Upgraded two Piholes today. Both have failed twice since

Background:

Two Pi3b's upgraded today. The second was upgraded a few hours after the first to ensure good working order. Performed an update/upgrade/-up/reboot on each.
Prior uptimes were 132 & 155 days with numerous pihole -up in between with no problems.

Expected Behaviour:

Pihole should not quit unexpectedly.

Actual Behaviour:

Two separate piholes have both failed near simultaneously on two separate occurrences today; two hours apart.

Debug Token:

https://tricorder.pi-hole.net/ThDs5VJi/
https://tricorder.pi-hole.net/5qfVXAog/

Added info

[edit] - after each failure, a pihole restartdns was performed successfully.
Monitoring - https://imgur.com/a/r6Egxk0 https://imgur.com/a/IKTASH4

What is the exact mode of failure? Pi-hole actually stopped (i.e. pihole-FTL process was not running?), or Pi-hole stopped responding to DNS queries.

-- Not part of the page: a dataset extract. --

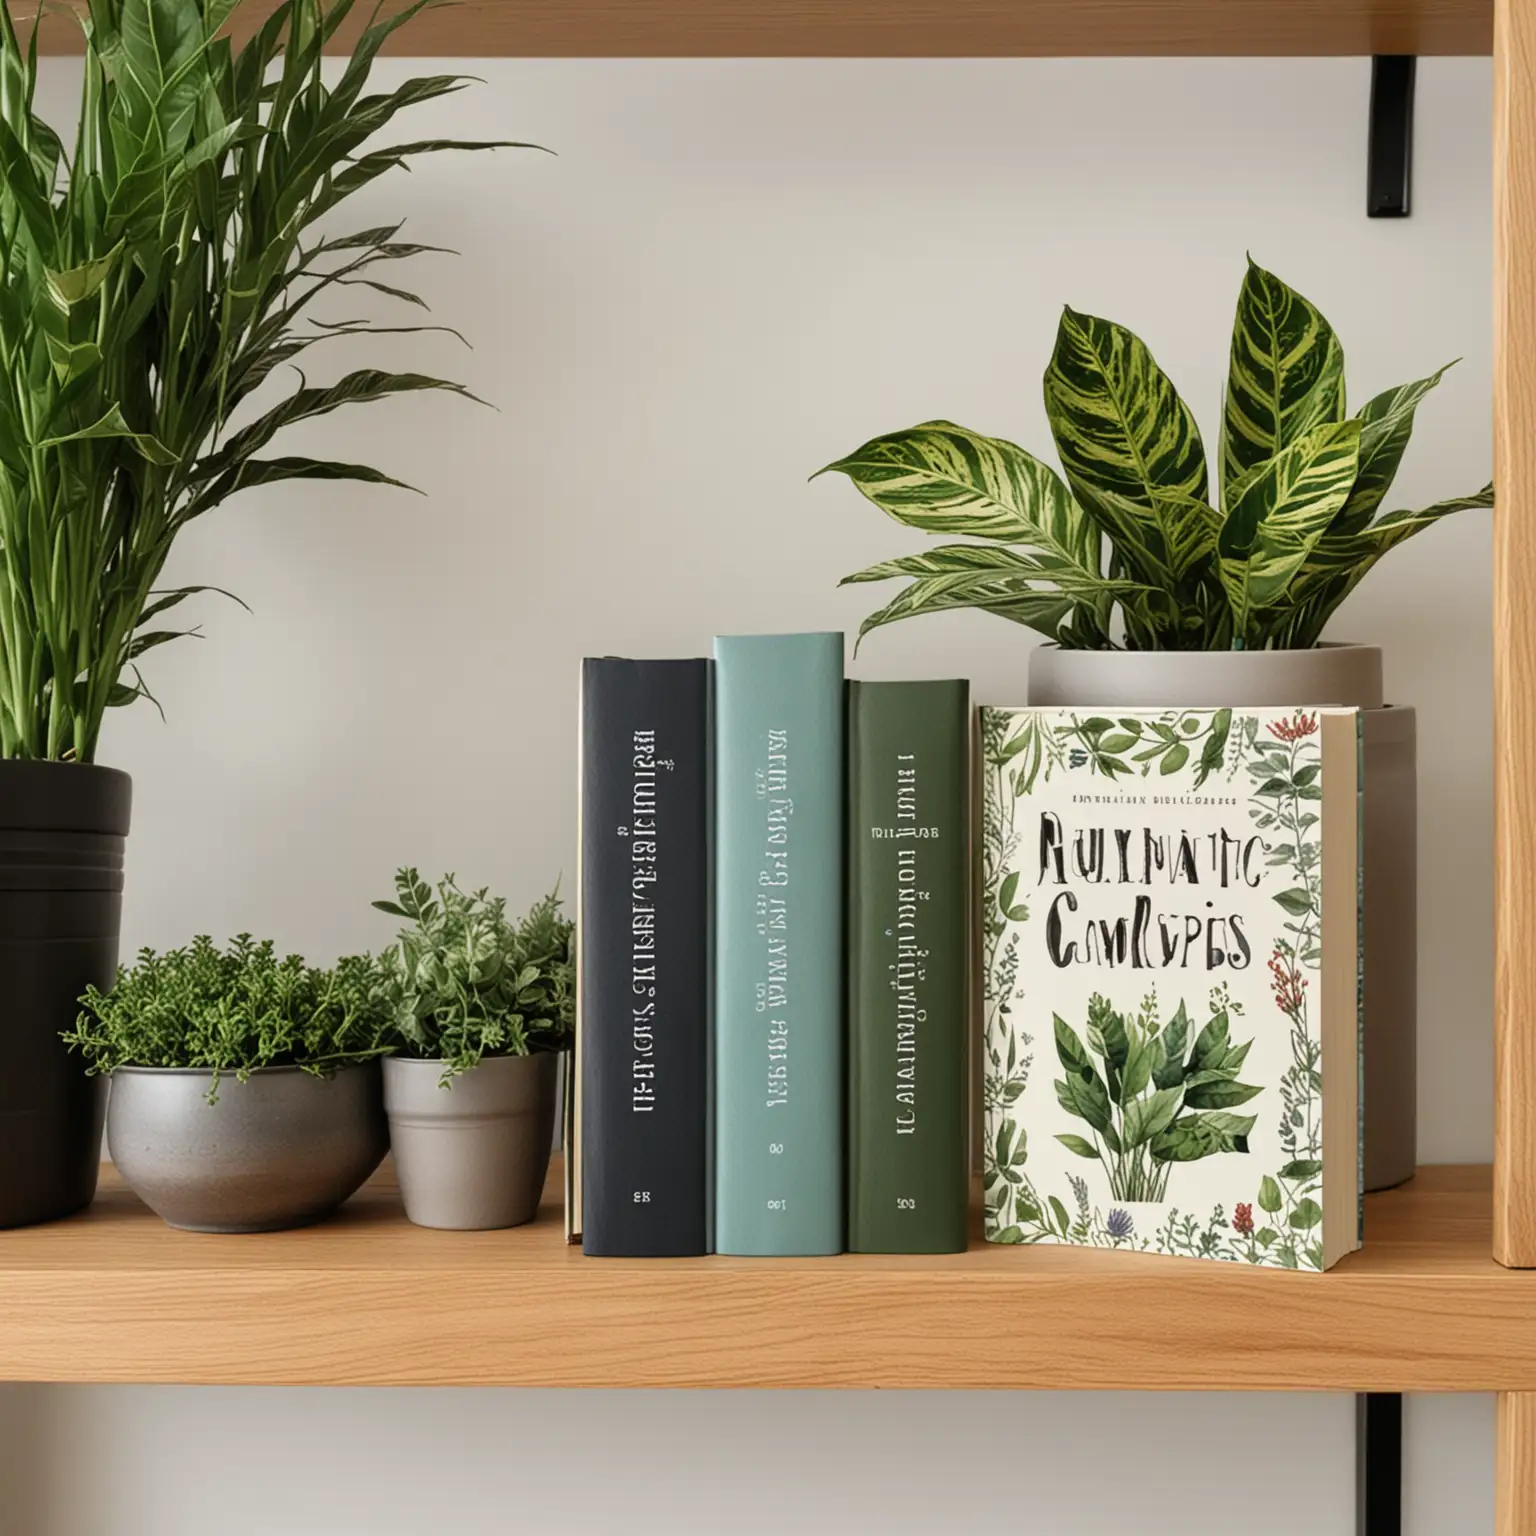 Books Displayed on Shelf with Green Plant Decor

Are there any errors shown in /var/log/pihole-FTL.log or /var/log/syslog? Only the head and tail of the first log are included in the debug logs.

The only abnormality is in the debug log for IP 99. SERVFAIL is not a desired reply.

*** [ DIAGNOSING ]: Pi-hole log
-rw-r--r-- 1 pihole pihole 2410061 Sep 17 16:42 /var/log/pihole.log
   -----head of pihole.log------
   Sep 17 00:00:03 dnsmasq[17531]: forwarded e.f.0.0.0.0.0.0.0.0.0.0.0.0.0.0.0.0.0.0.0.0.0.0.e.f.0.0.0.2.6.2.ip6.arpa to 9.9.9.9
   Sep 17 00:00:03 dnsmasq[17531]: forwarded e.f.0.0.0.0.0.0.0.0.0.0.0.0.0.0.0.0.0.0.0.0.0.0.e.f.0.0.0.2.6.2.ip6.arpa to 2620:fe::9
   Sep 17 00:00:03 dnsmasq[17531]: forwarded e.f.0.0.0.0.0.0.0.0.0.0.0.0.0.0.0.0.0.0.0.0.0.0.e.f.0.0.0.2.6.2.ip6.arpa to 2620:fe::fe
   Sep 17 00:00:03 dnsmasq[17531]: forwarded e.f.0.0.0.0.0.0.0.0.0.0.0.0.0.0.0.0.0.0.0.0.0.0.e.f.0.0.0.2.6.2.ip6.arpa to 149.112.112.112
   Sep 17 00:00:03 dnsmasq[17531]: reply error is SERVFAIL

You also have a lot of interfaces and active DHCP servers, on what appear to be different VLANs. Has any of that changed?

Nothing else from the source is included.